The regulators’ lack of understanding of AI could also cause issues. Therefore, it is essential for organizations to invest in learning and development of internal controls, so that they can make informed, data-driven decisions.
Boston Consulting Group: “Combine AI and human elements of the business”
Boston says, “Organizations that combine the capabilities of humans and machines will develop superior customer experiences and relationships, more productive operations, and dramatically increased rates of innovation.”
A global FMCG company used AI to optimize its process for allocating marketing spending. Advanced analytics modeling compared ROI across brands, markets, and media channels and created a dynamic model to analyze different potential scenarios for allocating that spending.

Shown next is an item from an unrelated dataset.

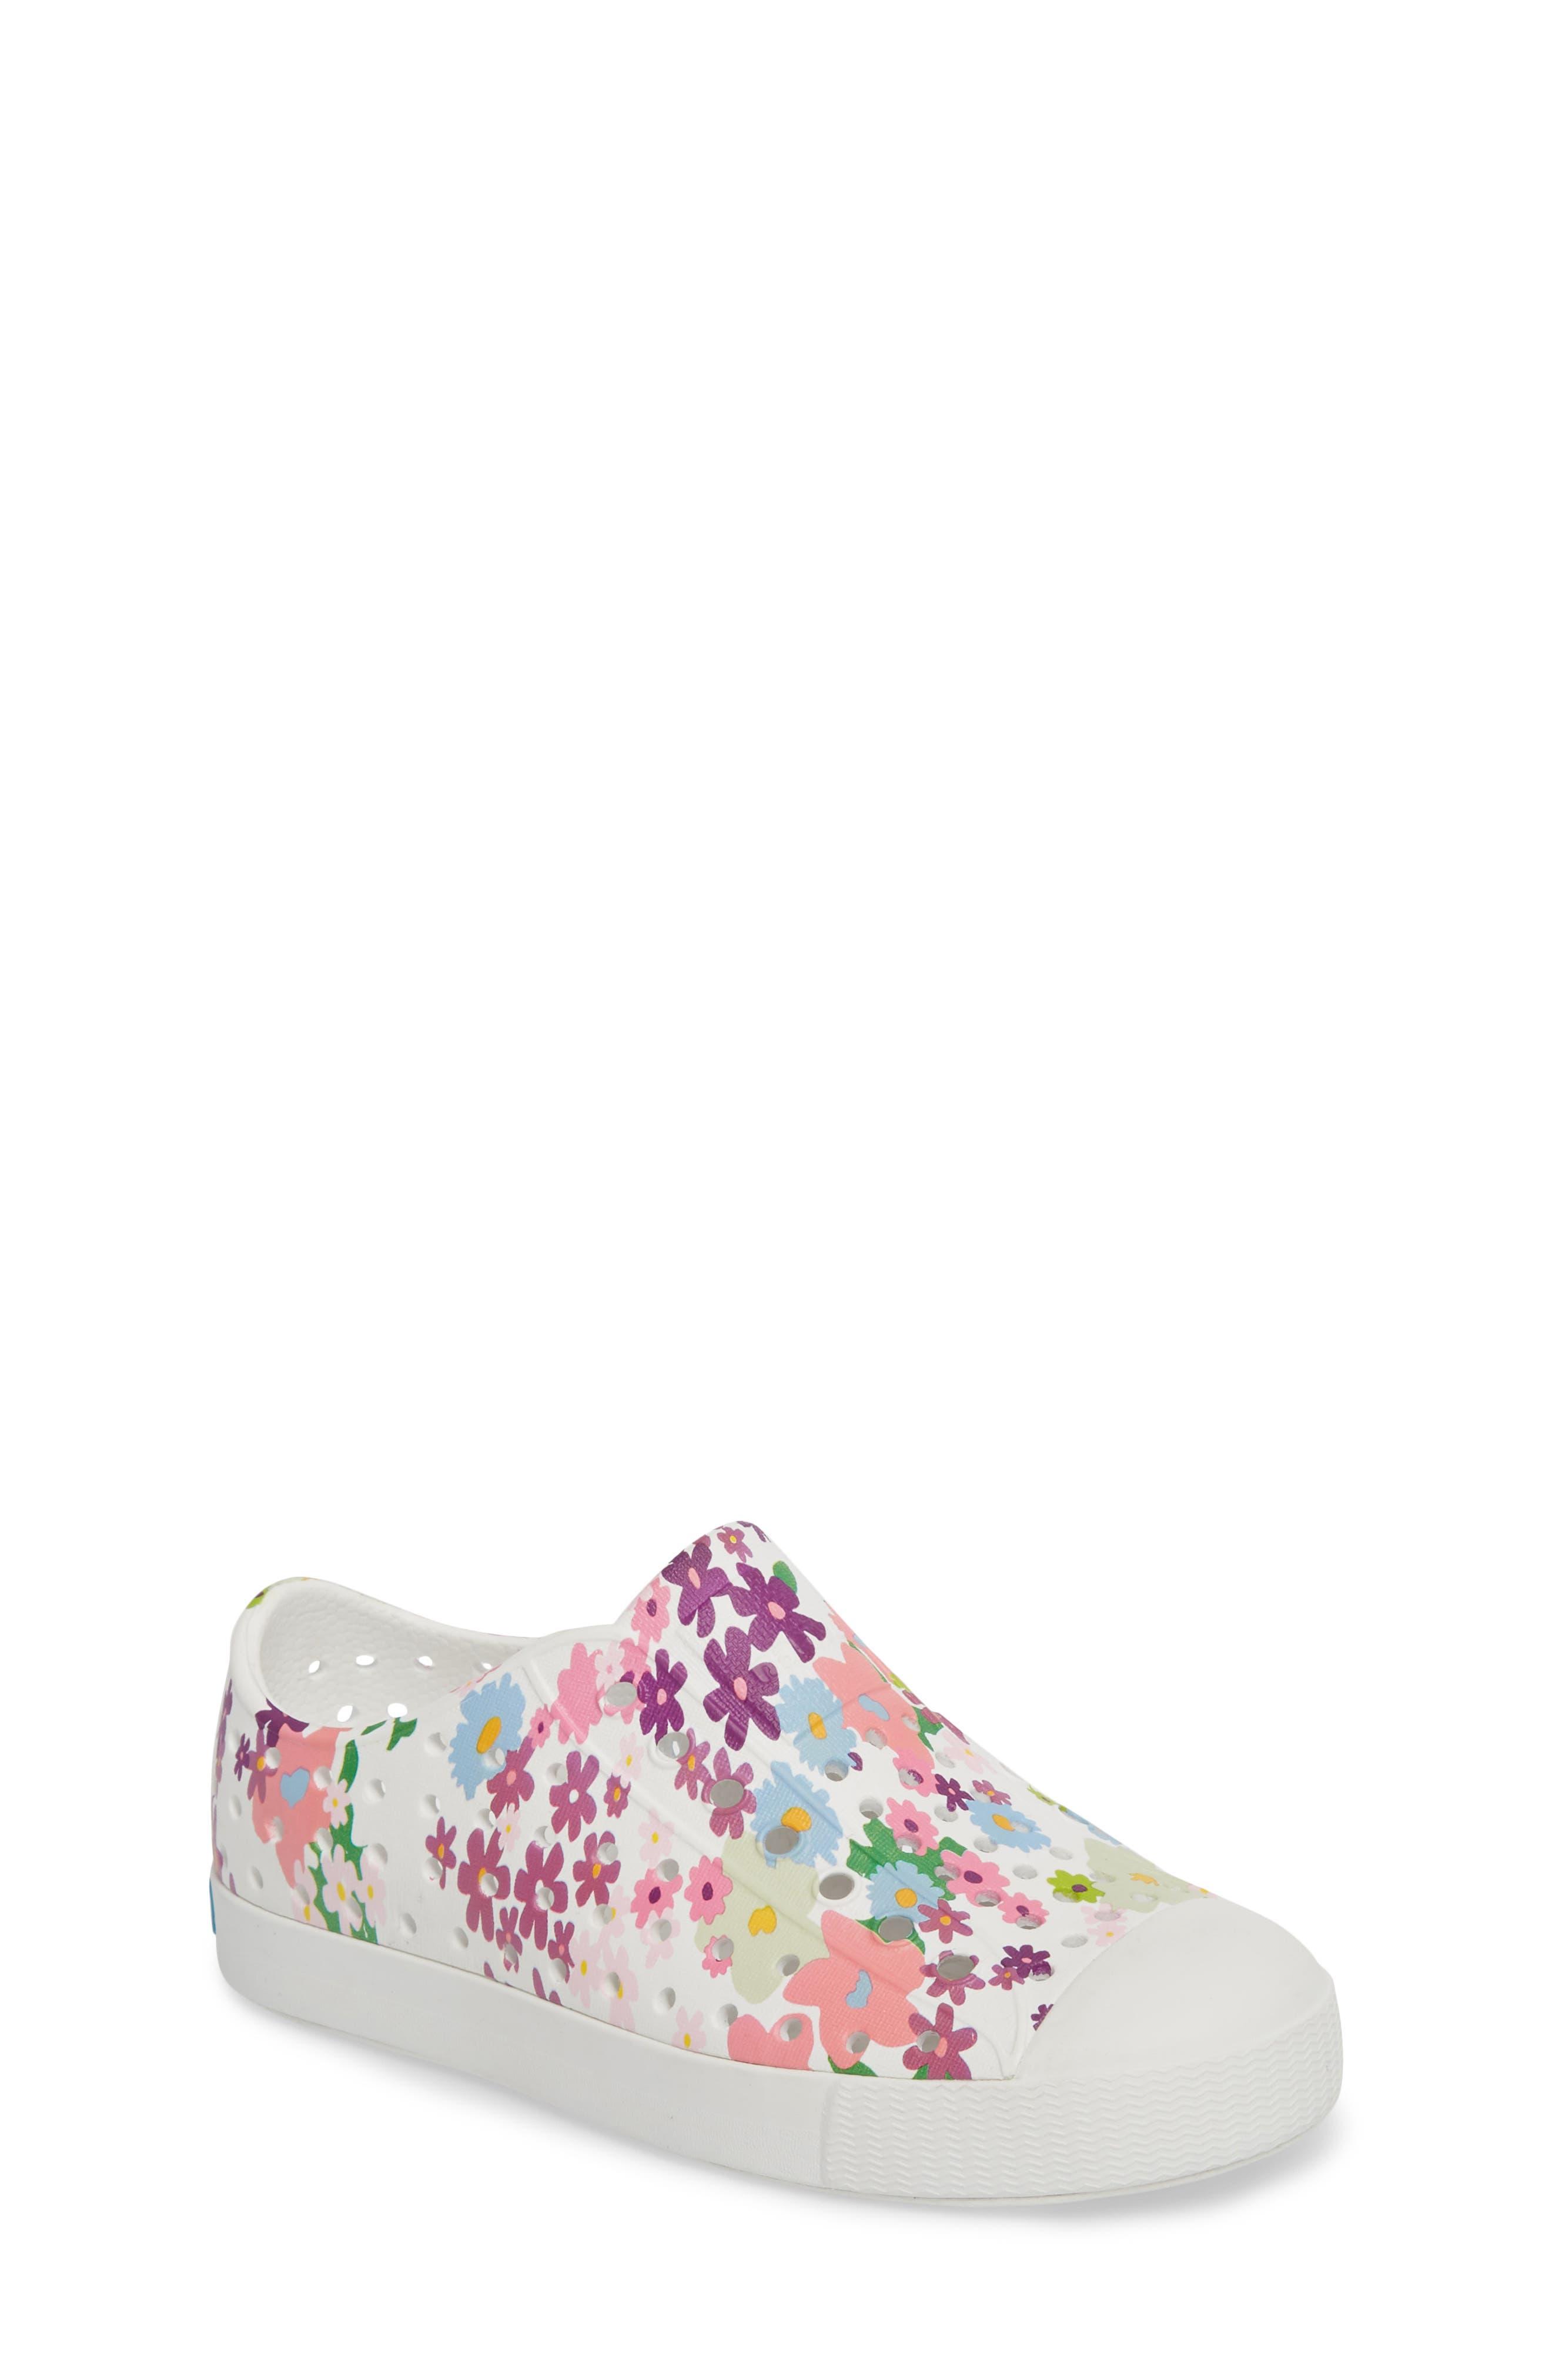 Jefferson Quartz Slip-On Vegan Sneaker, Main, color, SHELL WHITE/ DAISY PRINT

As a result, the company made better spending decisions and saw a 10% increase in marketing ROI during the first 12 months.
But, is every company that implements AI is winning?
In a survey conducted by BCG, 90% of respondents agreed that artificial intelligence represents a business opportunity for their company. However, 70% of companies report minimal or no impact from AI so far.
For AI to deliver exceptional results, companies need to integrate it into the individual processes that power the core of their business. Companies need to develop the right feedback loops so that artificial intelligence can get better with time.
According to Boston, companies that combine human (organization, talent, and ways of working) with technology (data and digital platforms) see better outcomes. The outcomes include:
- Personalized customer experiences and relationships
- Bionic operations
- New offers, services, and business models
Businesses that use AI in marketing see higher growth than those who don’t. Research and studies by top consulting firms have also proved it. However, to get the maximum benefit of AI, it is crucial to determine the problem you want to solve and hire the best talent to manage the technology.